Renewed Israel Assembled for Word and Table

Texts: Acts 2:42, 46-47; 5:42; 20:7-12

Days 59-61 in Around the Bible in Eighty Days.

The assembling of Israel at Mount Sinai and the renewal of Israel on the day of Pentecost are deeply connected.

  • At Sinai God inaugurated covenant with Israel, and on Pentecost God renewed covenant with Israel.
  • At Sinai God’s presence was revealed through lightning, thunder, and smoke, and on Pentecost it was revealed by wind, fire, and tongues.
  • At Sinai God came to dwell among Israel in the tabernacle, and on Pentecost God came to dwell in the hearts of Israel through the gift of the Holy Spirit.
  • At Sinai God gave the law through Moses, and on Pentecost God taught Israel through words uttered by the Spirit of God.
  • At Sinai Israel gathered to hear the word of God and sit at God’s table, and at Pentecost Israel gathered to listen to the apostle’s teaching and sit at table with Jesus.

Acts 2:42 records that this newly assembled group of 3,000+ baptized believers devoted themselves to the teaching of the apostles and to fellowship, and that fellowship involved breaking bread and prayers. Instead of four separate and distinct items, I think it is two (teaching and fellowship) with the second identified by breaking bread and prayers.

When they listened to the apostles teaching in the temple, they gathered as a community. When they shared fellowship through breaking bread and prayers, they gathered as a community. Israel, in effect, assembled on Mt. Zion just as they had done at Mt. Sinai. The assembly of Israel is renewed as the assembly of the Messiah in whose name the 3,000 were baptized.

They gathered, however, as a large community at the temple for teaching and prayers, and they gathered as smaller communities in homes for the breaking of bread. Their assemblies were not all the same sort of thing. Rather, they assembled in different ways in order to experience different dimensions of the reality of the Spirit. Perhaps thousands gathered in the temple to listen to teaching and participate in the prayers of the temple, and then they gathered in small groups in homes to eat together as they continued to praise God in prayer.

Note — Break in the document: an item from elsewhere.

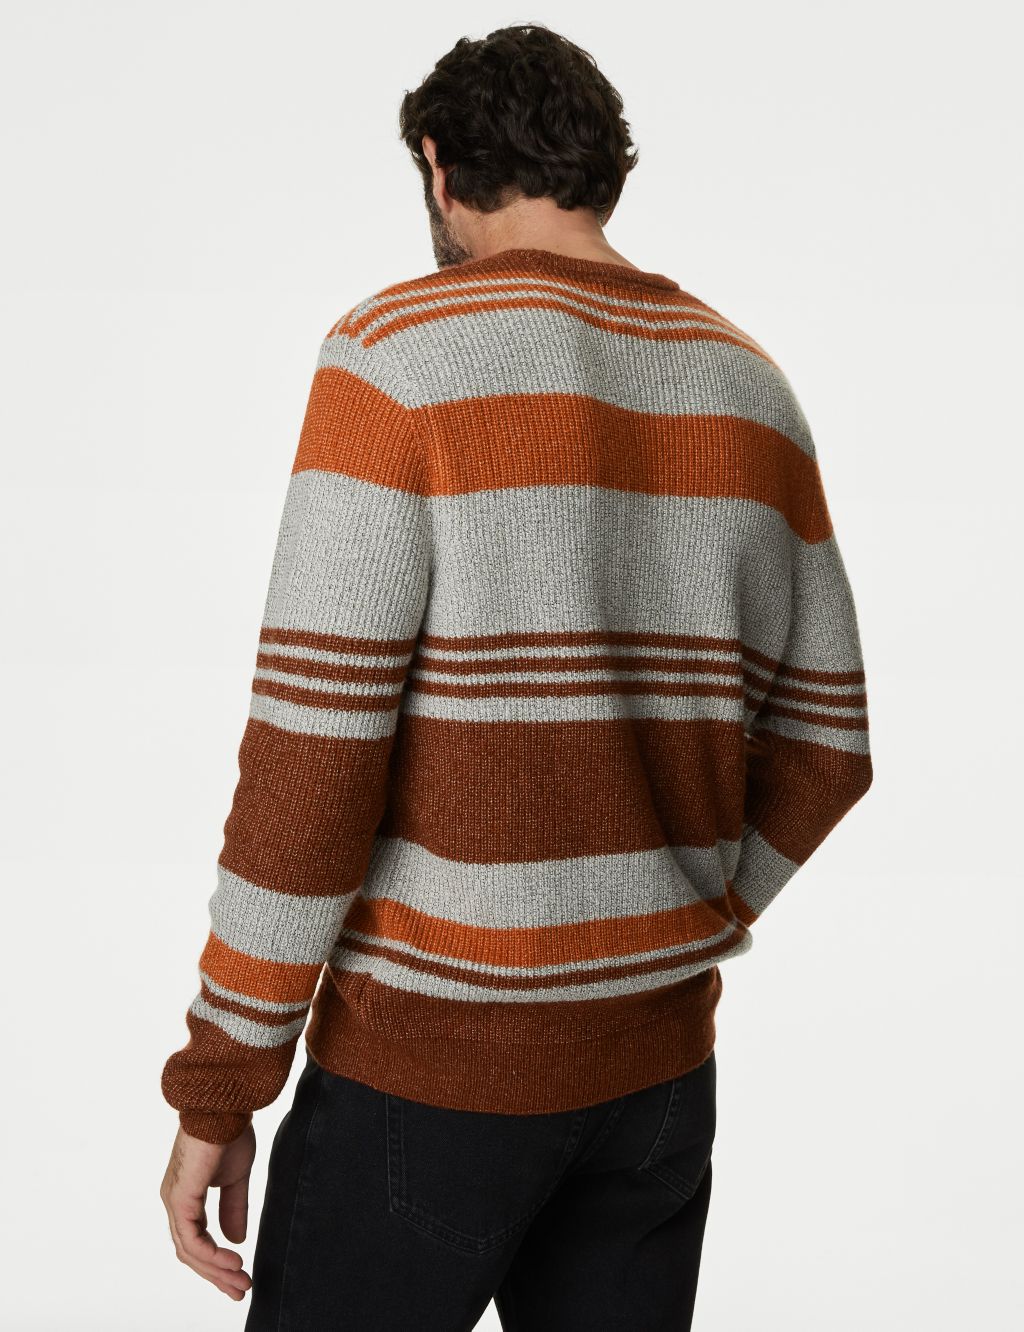 Supersoft Striped Chunky Crew Neck Jumper image 5

The standard was the teaching of the apostles. They were with Jesus for forty days after his resurrection. Those were days when Jesus clarified his mission, spoke to them about the kingdom of God, and help them read the Hebrew Scriptures in the light of his own work. If we wonder what the teaching of the apostles looked like, we only need read the sermons in Acts (e.g., Peter’s sermon in Acts 3, or his summary to Cornelius in Acts 10). It was the story of Israel, Jesus, and the renewal of Israel.

As renewed Israel, they continued table practices. They ate together, and they ate in the presence of God. The Messiah is the host of the table. The Gospel of Luke identified the meaning of breaking bread. It is a meal hosted by the Messiah to give life and enjoy fellowship. It is a resurrection of meal because in the breaking of the bread the living Messiah is revealed.

When Paul and the community in Troas broke bread, they broke bread with a resurrected Eutyches. But they not only ate with Eutyches, they ate with the resurrected one himself. This was a table of the living Messiah, and the community gathered in the presence of the Messiah who hosts his own banquet.

The baptized community assembled to hear the word of the Lord, and they assembled to fellowship, which included the breaking of bread and prayers. This was a continuation of Israel’s own life with God which began with a “day of assembly” (Deuteronomy 9:10; 10:4; 18:16) and continued through the teaching of the law and eating at tables with God. The church, grafted into the tree of Israel, continues the same sort of practices: assembling, teaching, and table.

This is part of the process by which a community is formed, and in this case the formation of a community that embraces and participates in the mission of God.